The last lords of the manor of Chelveston were the Disbrowe family, and the last lord, Lt. Col. Henry Edward Disbrowe Disbrowe-Wise CBE, who had inherited the title from his mother, sold off the last of the family's estate properties in Chelveston at auction in July 1919. Disbrowe-Wise moved to other family properties in South Derbyshire. Disbrowe Court in the village is named after them.

==Parish Church==
The parish church is dedicated to Saint John the Baptist and is mostly 13th century. The north arcade is 1849–50 by Edmund Francis Law, a Northampton architect. It is a Grade II* listed building. Notable burials include Pollie Hirst Simpson.

==Village Hall==
Formerly the village's two room school with adjacent schoolmasters house, the school was closed in 1967 and was re-opened in 1972 as the Village Hall.
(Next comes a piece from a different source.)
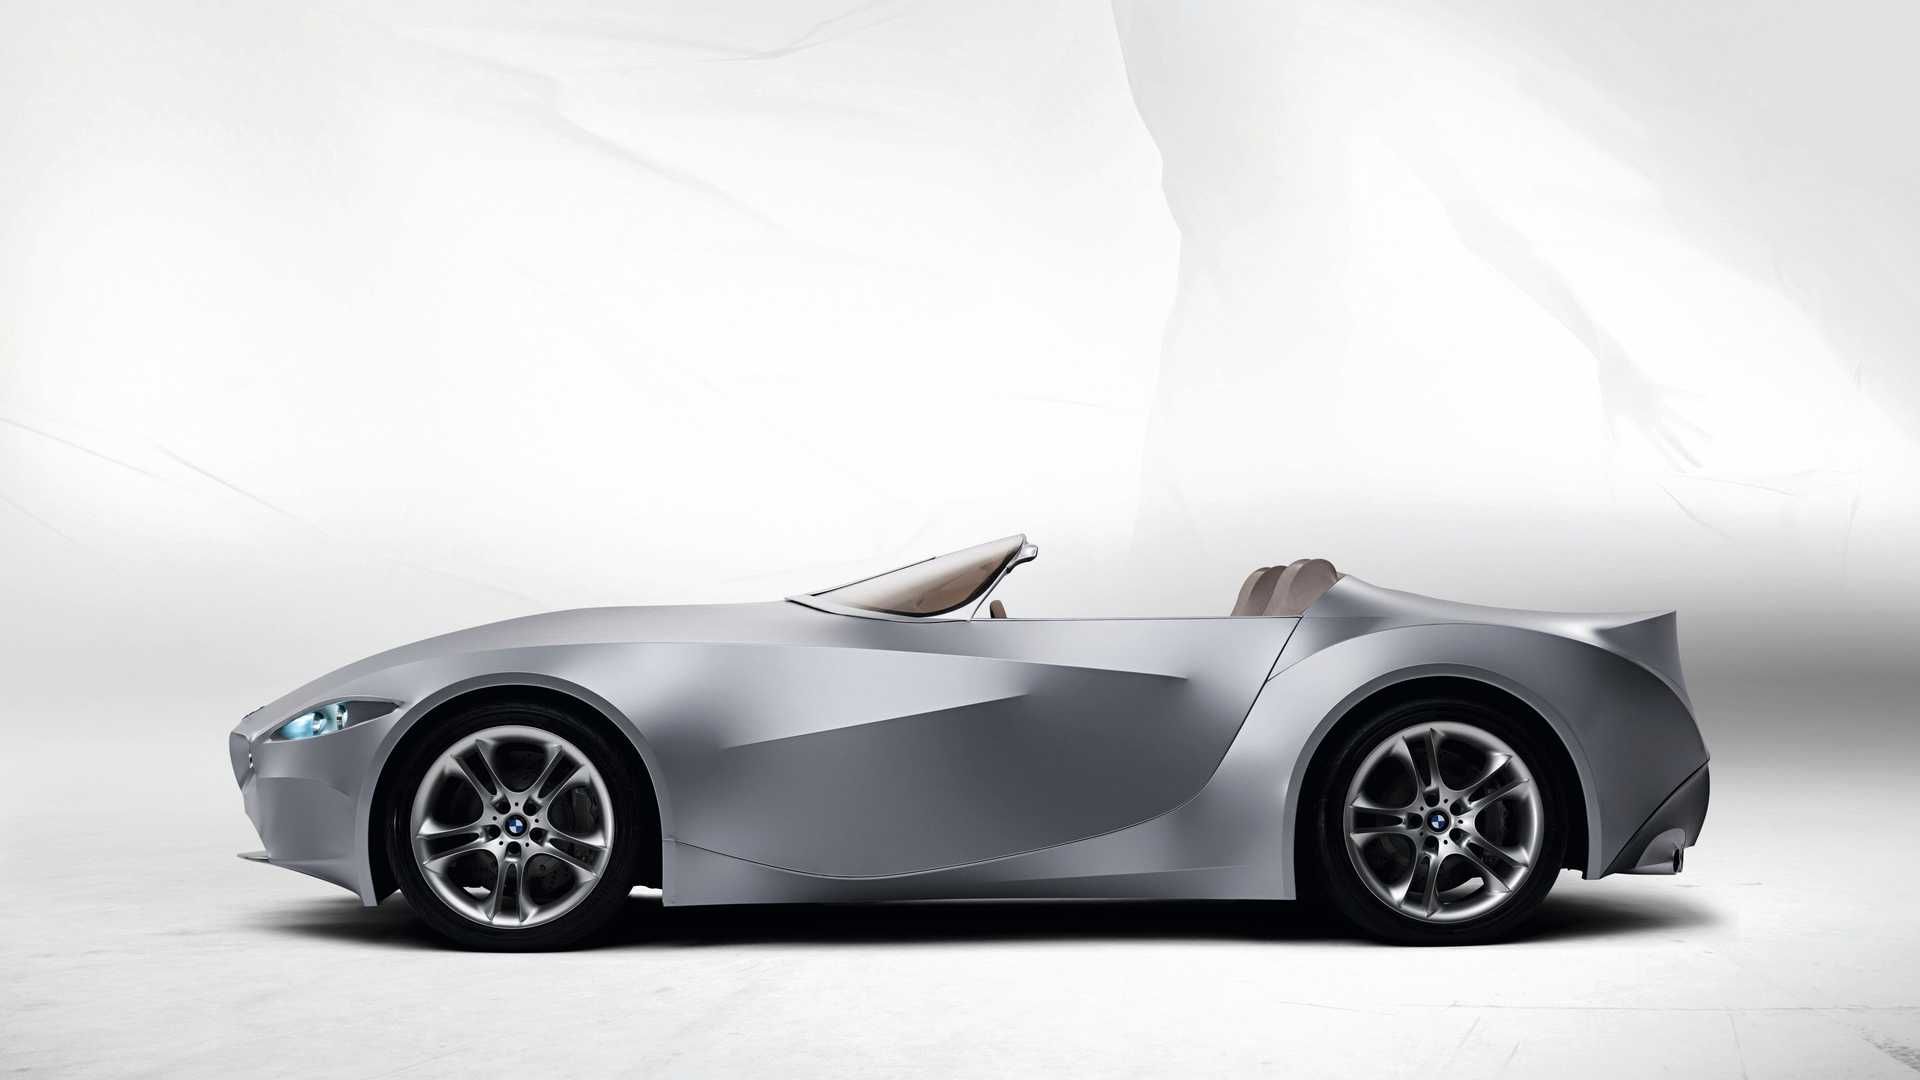 مرجع متخصصين ايران نماي جانبي خودروي مفهومي روباز بي ام و گينا / BMW GINA concept convertible

In 2014 it was refurbished and extended with new toilets, shower and kitchen facilities.

==Heritage assets==

The following buildings and structures are listed by Historic England as of special architectural or historic interest.

- Poplar Farmhouse (Grade II) 17th century
- Manor Farmhouse (Grade II) 18th century
- Manor Farmhouse, Barn (Grade II) 18th century
- Duchy Farmhouse (Grade II) 17th century
- Church of St John The Baptist (Grade II*) 13th century
- The Cottage (Grade II) 18th century

==RAF Chelveston==

Nearby is the former airfield of RAF Chelveston. A new memorial to the 305th Bombardment Group (Heavy) who operated out of the airfield, was unveiled in the centre of the village on 26 May 2007.

==Demography==

- In 1801 there were 266 persons
- In 1831 there were 332 persons
- In 1841 there were 288 persons
- In 2011 there were 566 persons

==Chelston Rise==
Beyond Caldecott is a settlement of 50 houses which were formerly used by the United States Air Force to house families working at nearby bases. The site was owned by Area Estates Ltd. Some of the houses were rented out and others sold privately. This community has been renamed Chelston Rise (from the old name for Chelveston). A resident run management company took control of the private estate in 2015 when the last house was sold and has continued to run as a private estate since then.

==Nearby Settlements==
- Ringstead, Keyston, Stanwick, Rushden, Higham Ferrers, Thrapston, Hargrave, Irthlingborough, Newton Bromswold, Raunds and Wellingborough.